Kolaiyuthir Kalam is a thriller novel by Sujatha. It is another interesting story featuring Ganesh-Vasanth duo. The story was written in the early 80's and involves high-tech scientific concepts which were very new to that period. It was made into a television serial and aired on Doordarshan's Podhigai channel.

==Plot==
Ganesh, a famous attorney, and Vasanth, his assistant, visit a rural farm to settle an inheritance issue because their client, the seventeen-year-old Leena, will inherit the farm when she turns eighteen. Her uncle, Kumara Vyasan, is her guardian until that time. The will dictates that the farm cannot be divided or sold and can be inherited only by direct heirs when they turn eighteen years of age.
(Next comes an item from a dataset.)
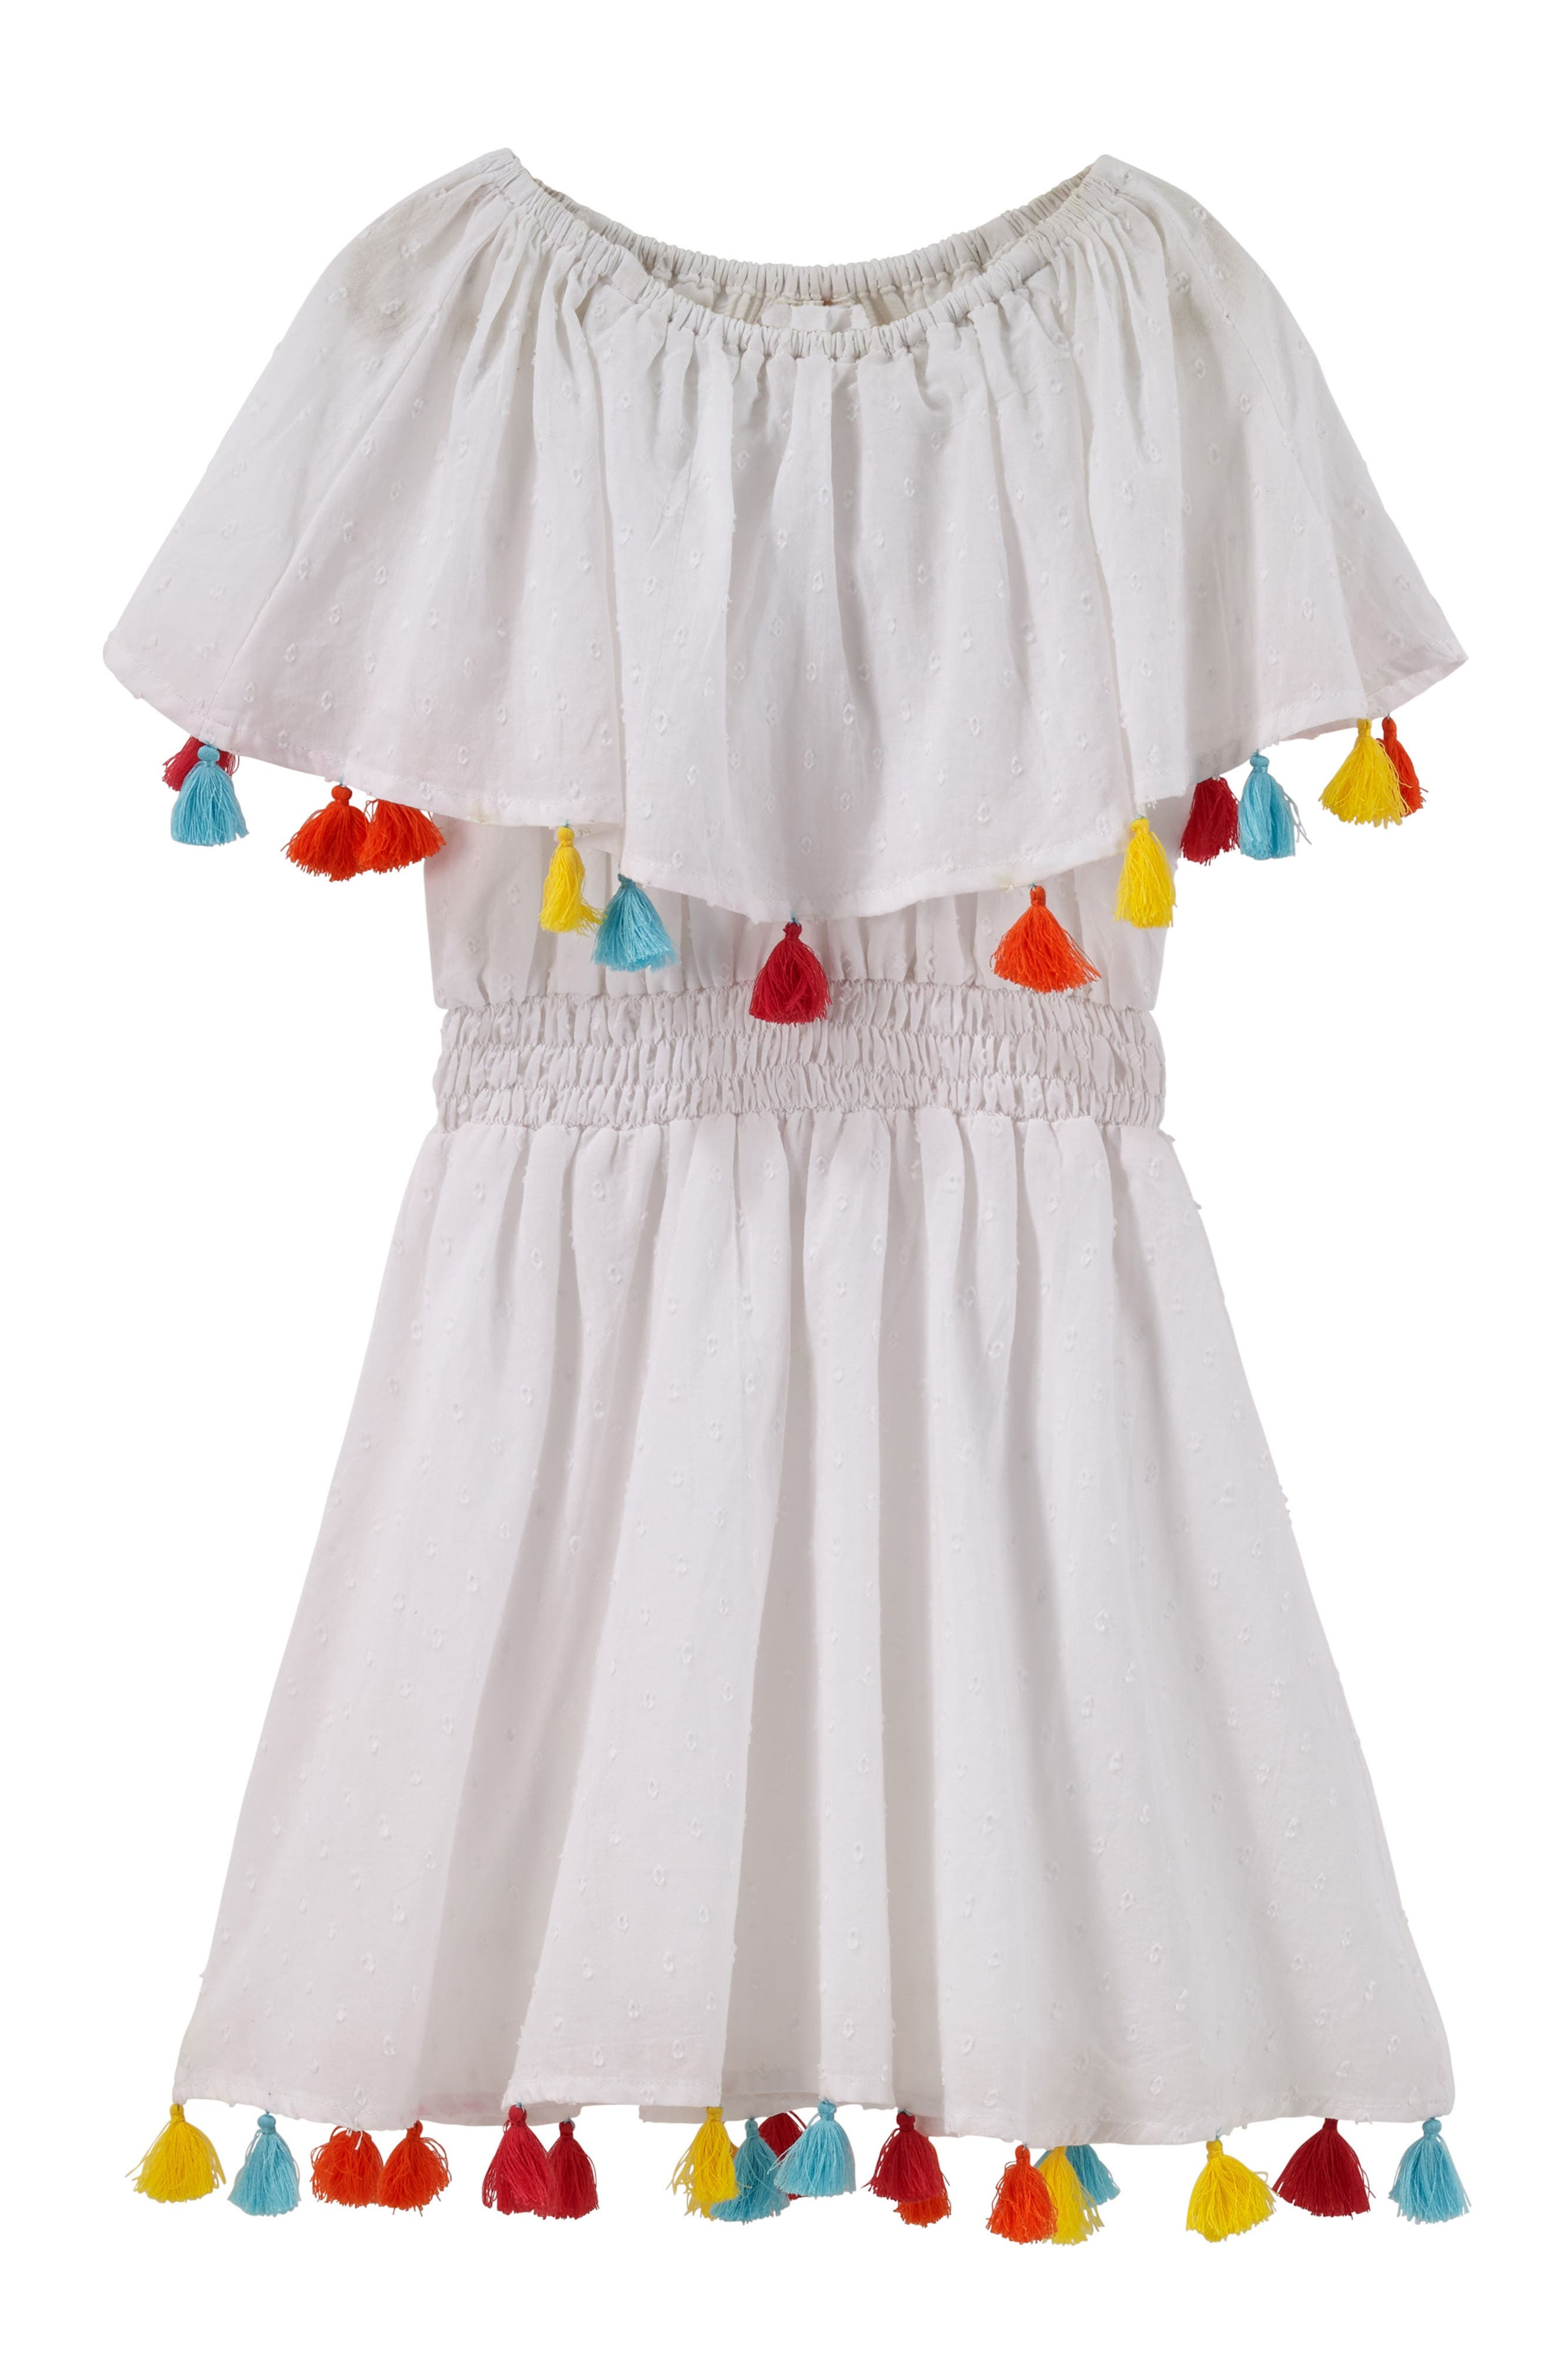 Main Image - Masala Baby Fun Fair Tassel Dress (Toddler Girls)
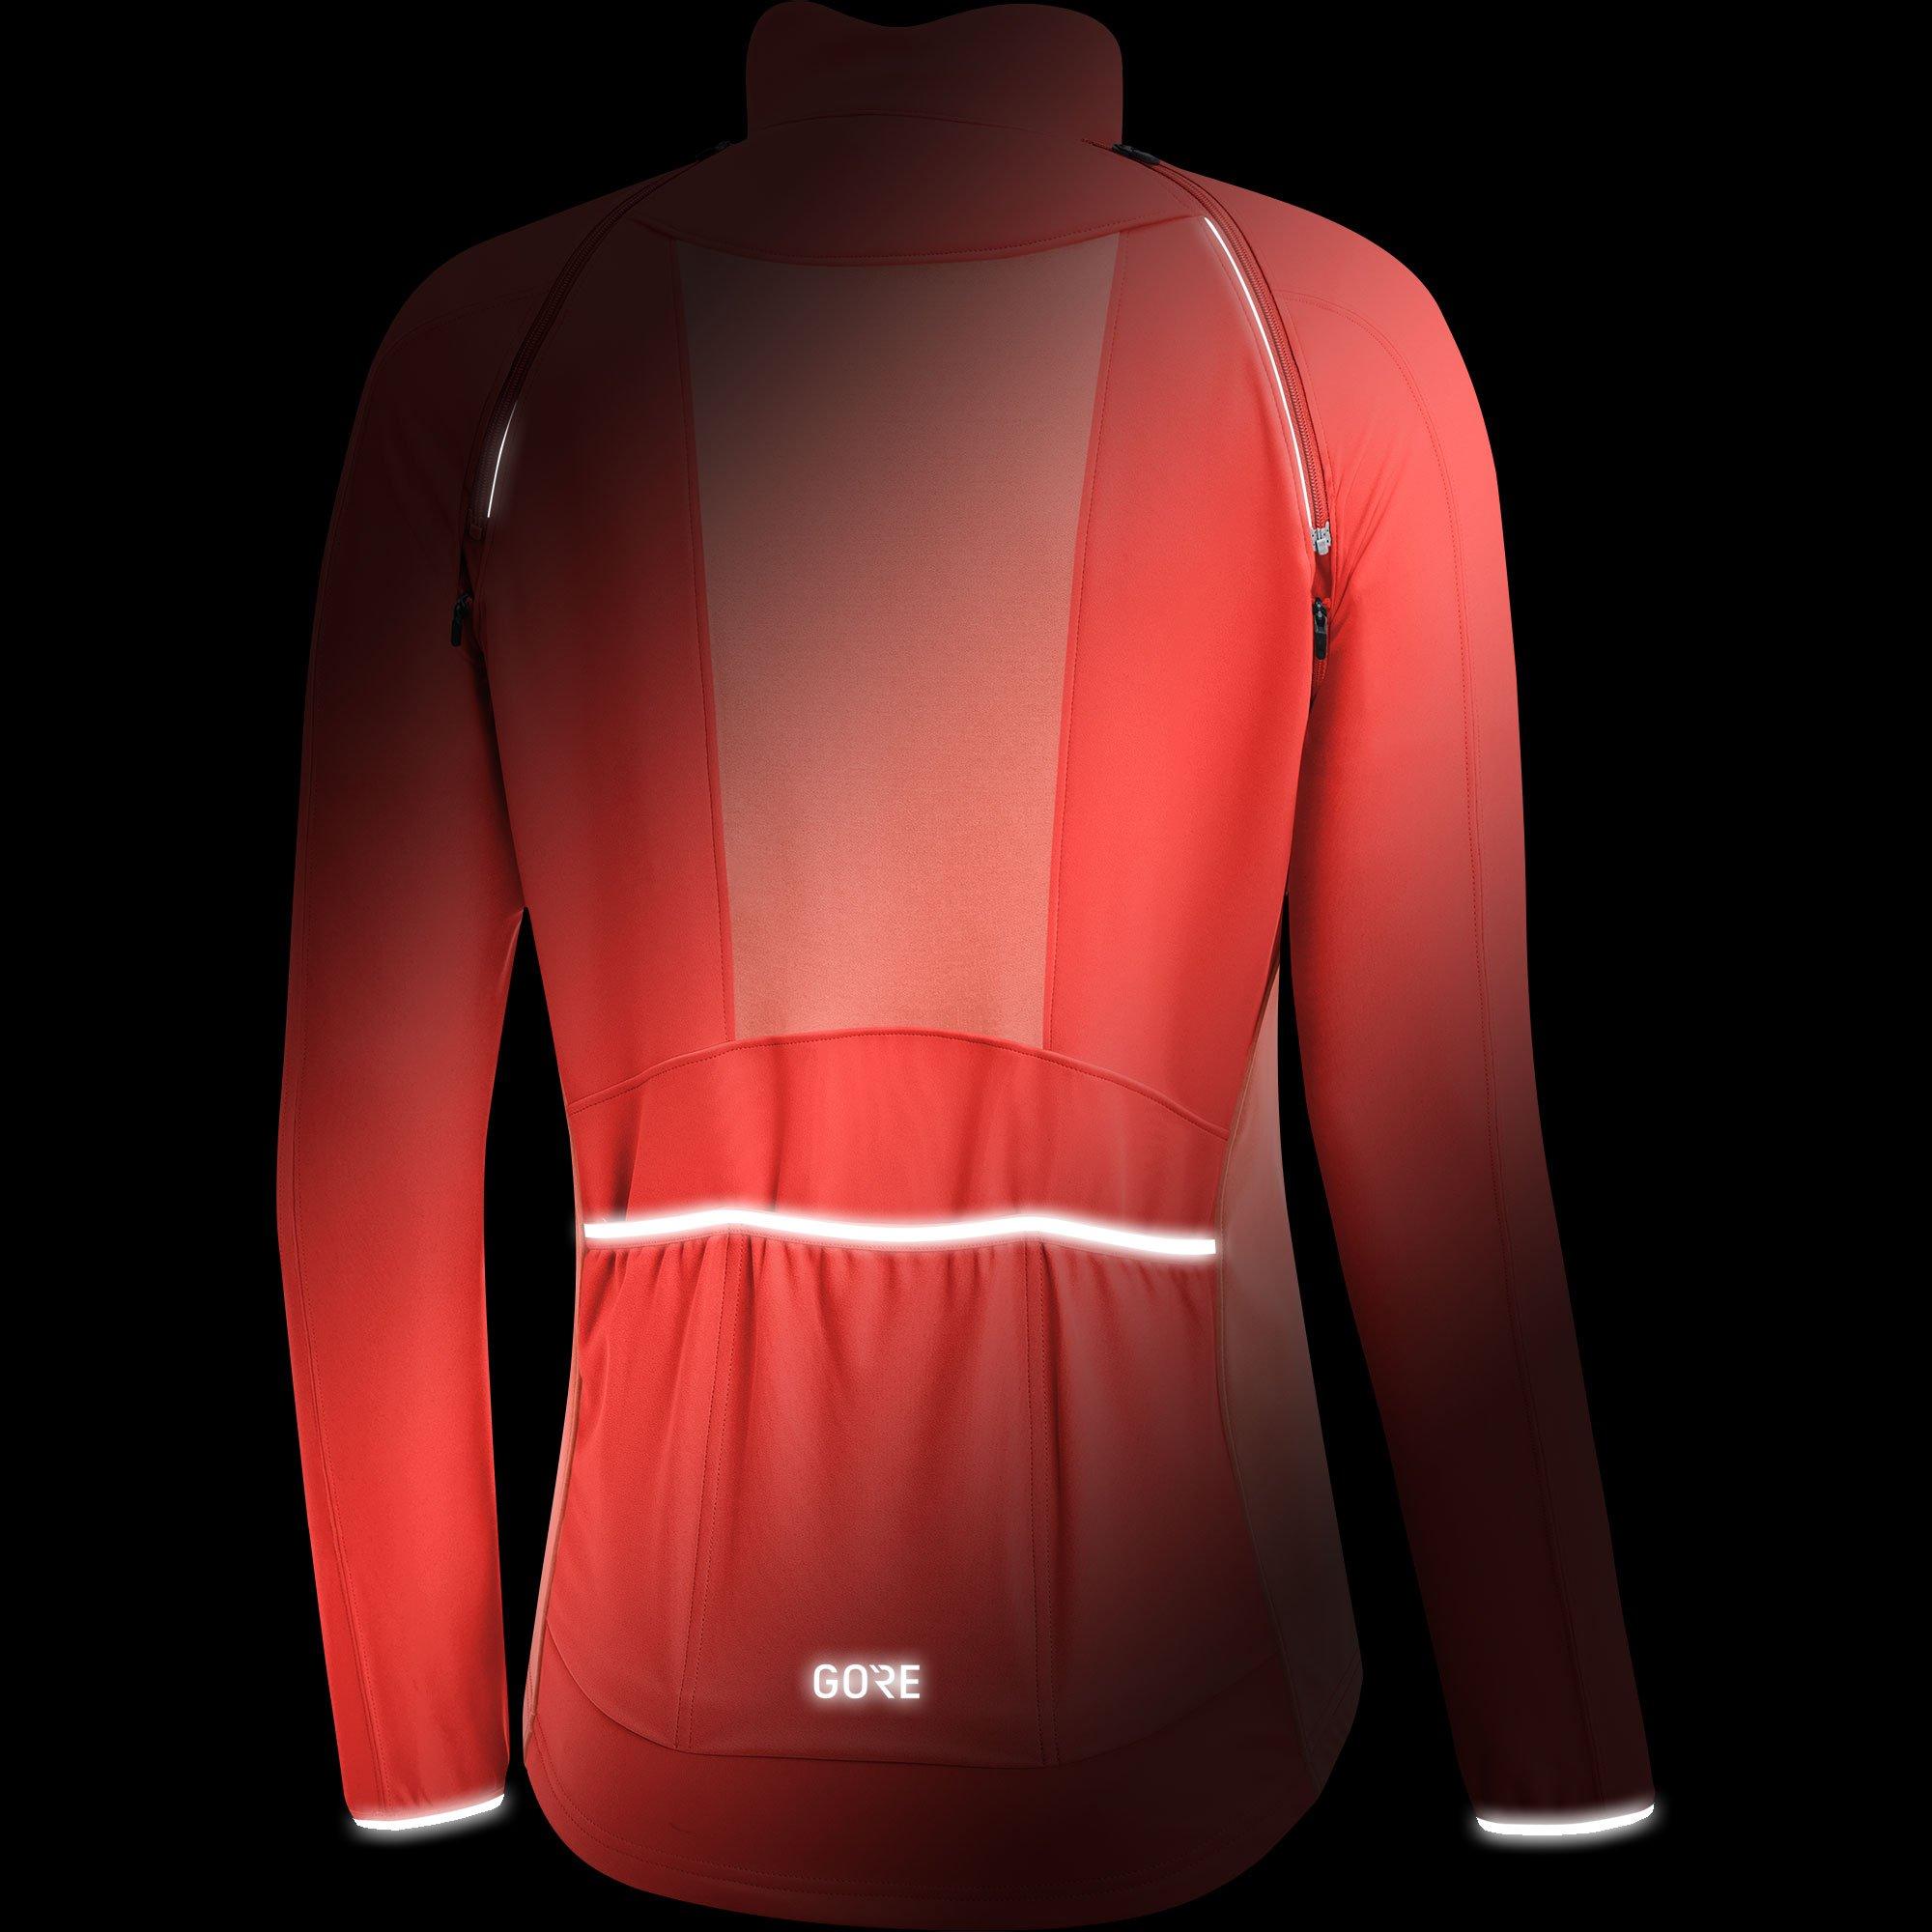 GORE Wear Women's Windproof Cycling Jacket, Removable Sleeves, GORE Wear C3 Women's GORE Wear WINDSTOPPER Phantom Zip-Off Jacket, Size: M, Color: Lumi Orange/Coral Glow, 100191 by GORE WEAR (Image #4)

Close relatives are supposed to be guardians. Ganesh and Vasanth are told that Leena was possessed by a spirit when she was fifteen and killed a boy by drinking his blood and that Kumara Vyasan buried the body to conceal this. They were also told that the townspeople believe that a spirit comes every two years to kill people. Though Kumara Vyasan claims that that Leena commits murders while possessed by a spirit, Ganesh suspects that Kumara Vyasan is masterminding the suspicious events in order to eliminate Leena so that he can inherit. Ganesh does not accept supernatural causes and searches for a rational explanation. He visits the farm with Vasanth at night and near the lake they see an apparition of a girl resembling Leena. They also hear voices in empty rooms. Many other mysterious occurrences at the farm terrify both of them. However during the course of investigation Kumara Vyasan is murdered. Ganesh and Vasanth disagree over the cause of the events. Ganesh tries to prove all the incidents are perpetrated by human efforts to mislead everyone, and Vasanth tries to prove everything is caused by supernatural forces. Circumstances point to Leena as the killer but her naïveté confuses Ganesh. He had been skeptical about the existence of ghosts, but circumstances slowly change his mind as all assumptions of science collapse. He starts to believe that the real explanation of all the incidents is the Spirit. The story's end is inconclusive, not indicating to the reader whether the cause was supernatural or not.

==Key Characters==
- Ganesh (lawyer) - Lawyer
- Vasanth - Lawyer and Junior of Ganesh
- KumaraVyasan - Guardian of Legal Heir
- Leena - Legal Heir who inherits Millions of Rupees Property
- Deepak - Friend later husband of Leena who arranges Ganesh and Vasanth to visit the farm
- Periya Kannu - Gardener of the farm
- Prof Ramabathran - One who gives expert advice about Holography and play a vital role in the end.

==Film adaptation==
Director Balaji Kumar bought the film rights of the novel for ₹10 lakh. The film was released in 2019 under the same title.